Madame, Mademoiselle, Monsieur,
Suite à la décision prise par le Gouvernement, de remplacer le CPE par un dispositif d’accompagnement pour les jeunes les plus en difficulté, je tenais à réagir à cette annonce. Voici mon communiqué lancé au lendemain de la déclaration de notre premier ministre :
"Une proposition de loi visant à remplacer le CPE par un nouveau dispositif favorisant le retour à l’emploi des jeunes de moins de 26 ans sans qualification sera donc prochainement proposée au Parlement.
Si je suis tout à fait favorable à tout nouveau dispositif visant à l’insertion et à la sécurisation des parcours professionnels des jeunes, je ne voterai pas la suppression du CPE.

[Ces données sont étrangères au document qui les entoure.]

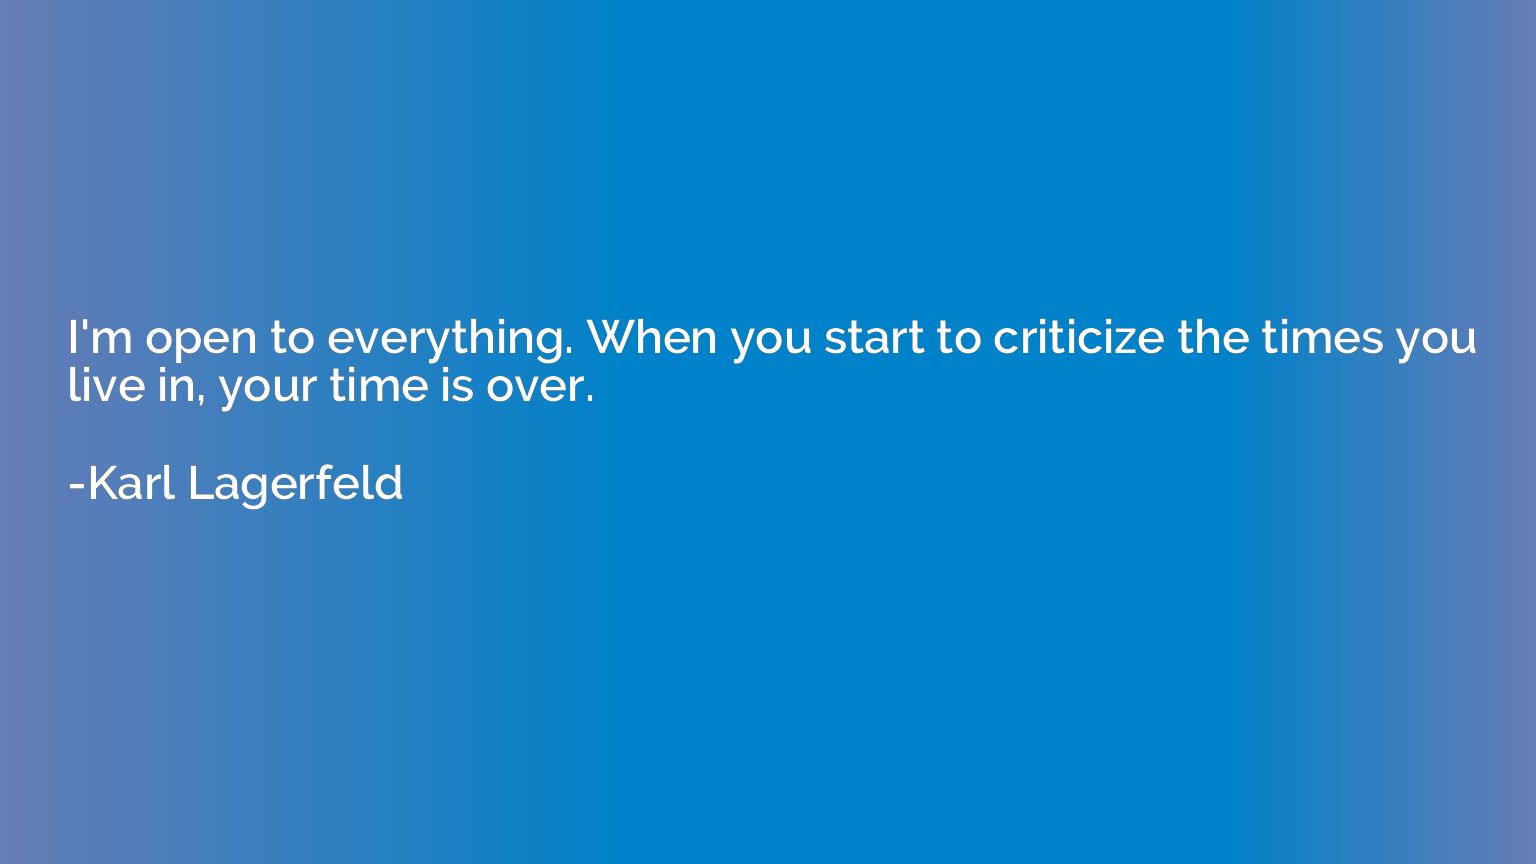 I'm open to everything. When you start to criticize the time

Je ne la voterai pas car, ce que je trouvais bon il y a 3 semaines, je ne peux le trouver mauvais aujourd’hui.
Edgar FAURE, qui avait souvent changé d’avis, disait pour se justifier : « ce n’est pas la girouette qui tourne, c’est le vent ». Pour ma part, je ne peux me résoudre à laisser croire par mon vote que le vent ayant soufflé, fut-ce très fort, il faille une fois de plus renoncer à réformer notre Pays.
Certes le CPE n’était certainement pas parfait et j’espérais que nous pourrions apporter, sur les 2 points les plus contestés, les modifications que nous aurions d’ailleurs dû proposer de nous-mêmes sur l’explication à donner aux jeunes en cas de rupture du contrat et le raccourcissement à 1 an de la période de consolidation. Notre principale erreur fut là.
Pourtant le CPE représentait une amélioration potentielle de leur situation pour les ¾ des jeunes en situation d’activité. En effet, 23 % d’entre eux sont au chômage et 55 % se trouvent soit en stage, soit en CDD ou en intérim, toutes situations bien plus précaires que le CPE qui était d’abord un vrai contrat de travail à durée indéterminée.